I agree from some bad personal experience.
I think Vitamins are fine if what you are taking is "compensating" for what is LACKING in your regular diet or due to Health Issues at the time. Vitamin overdose can make you VERY ILL!!!! not to mention bloated. I take a multi and hair vitamin occasionally, just in case. lol bonjour


----------



## ChocalateDiva (Nov 25, 2007)

Candy_C said:


> HUH HUH??
> 
> 
> WHAT?
> ...


 

LOL- She came back and said that it was SpecialC not Candy_C.


----------



## Candy_C (Nov 25, 2007)

ChocalateDiva said:


> LOL- She came back and said that it was SpecialC not Candy_C.



LOL OH

i was going to say!

(not that i have anything against mn users)

but i have to bite the bullet

indian powders n oils have increased my growth rate


----------



## fivetimestwo (Jan 12, 2008)

for me, MTG or any equivalent (homemade sulfur mixes etc.) I did notice a slight increase in growth but it just wasn't worth the hassle for me. I never could get the sulfur smell out of my satin scarves or pillowcases. I was also tired of all my jewelry tarnishing quickly.


----------



## CarLiTa (Jan 12, 2008)

Phew, we're coming clean!

Mine would have to be:

Baggying- tried that my first year here, and thought, what in the world?! my WHOLE HEAD was soggy and wet. And it was TOO much stress trying to make sure that the plastic bag on my head wouldn't show

Surge- WHY did I get on that bandwagon? All I got was sensitive scalp and NOTHING ELSE.

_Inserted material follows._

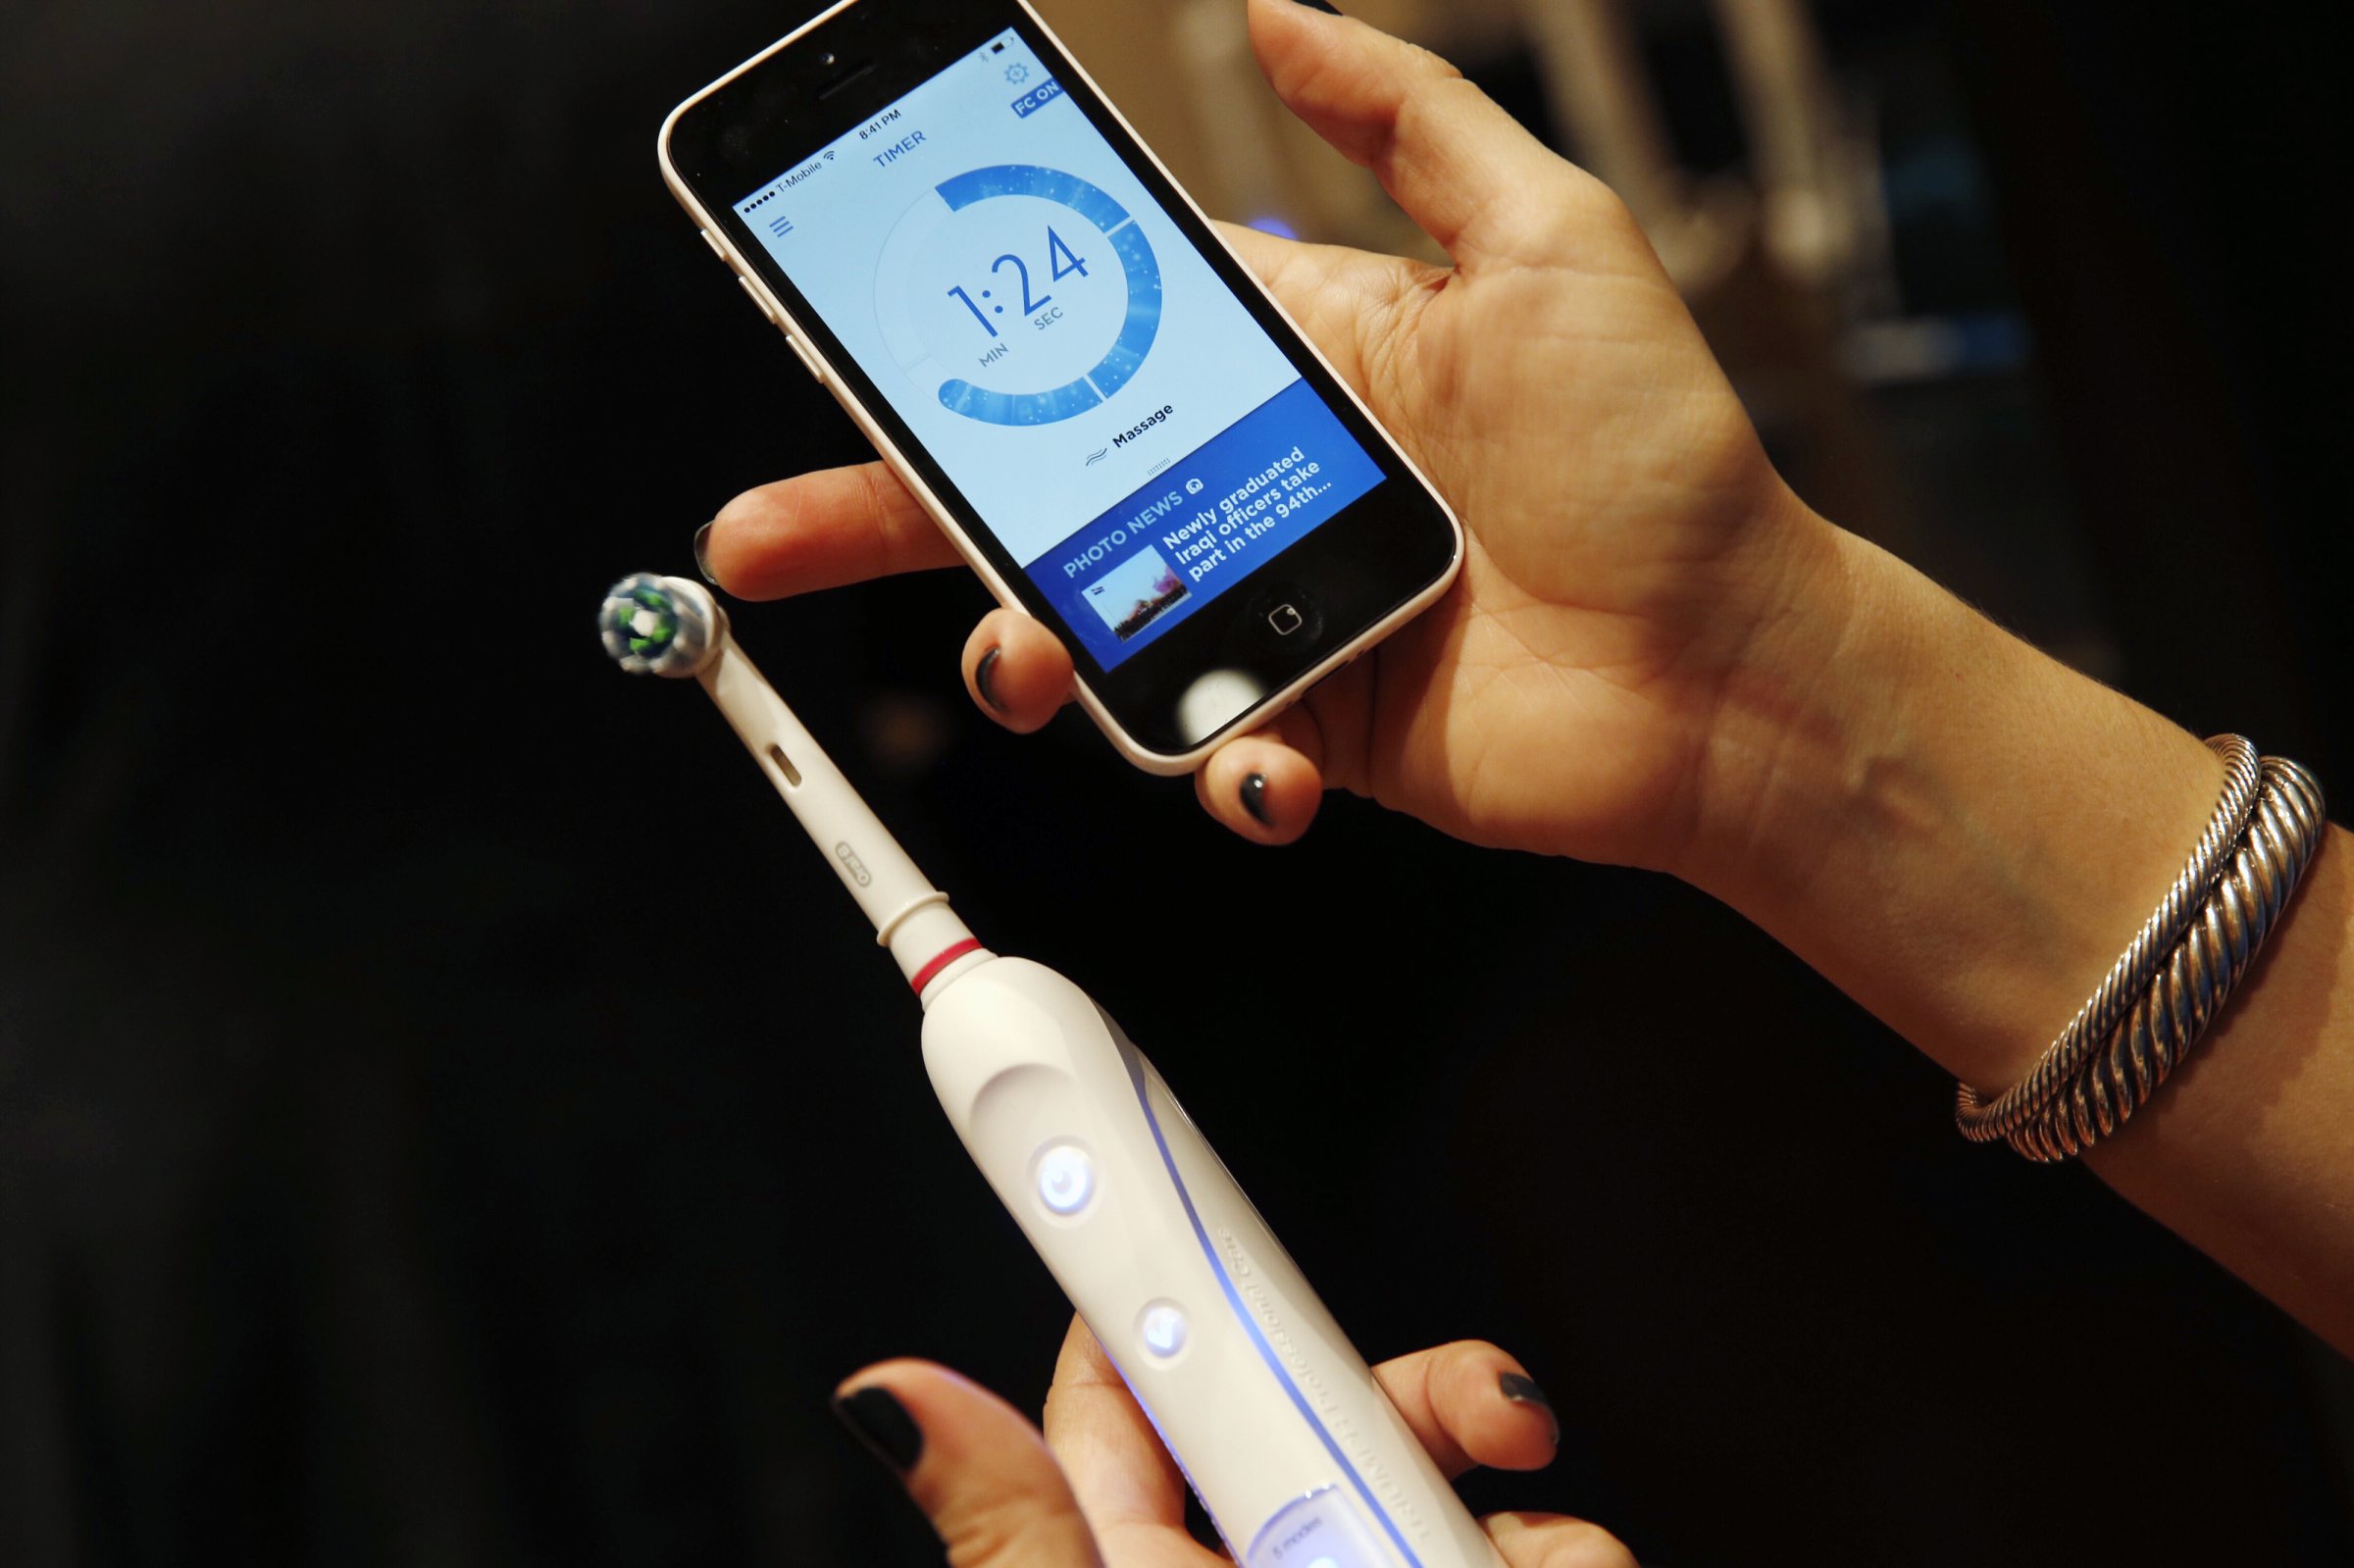 An attendee holds an Procter & Gamble Co. Oral-B SmartSeries electric toothbrush alongside an Apple Inc. iPhone during the 2015 Consumer Electronics Show (CES) in Las Vegas, Nevada, U.S., on Tuesday, Jan. 6, 2015.

No manipulation- Thank goodness I didn't continue with that. It seems to work so well for some people, but for whatever reason, if I don't attempt to comp my hair, it will just get more tangled! BUT, I think that was because of...

Airdrying- Oh boy. I finally came to the realisation this year. I always noticed that whenever I airdried my hair, I would SHED more. It is really weird, but I would just sit there and if I happened to touch my hair, a strand with the white bulb at the end would come out. That happened quite often actually. Airdrying also causes more tangles for me and more breakage. Only once in a while do I get great airdrying. I think rollerset is a better way, which is why in 08, that's what i'll be doing!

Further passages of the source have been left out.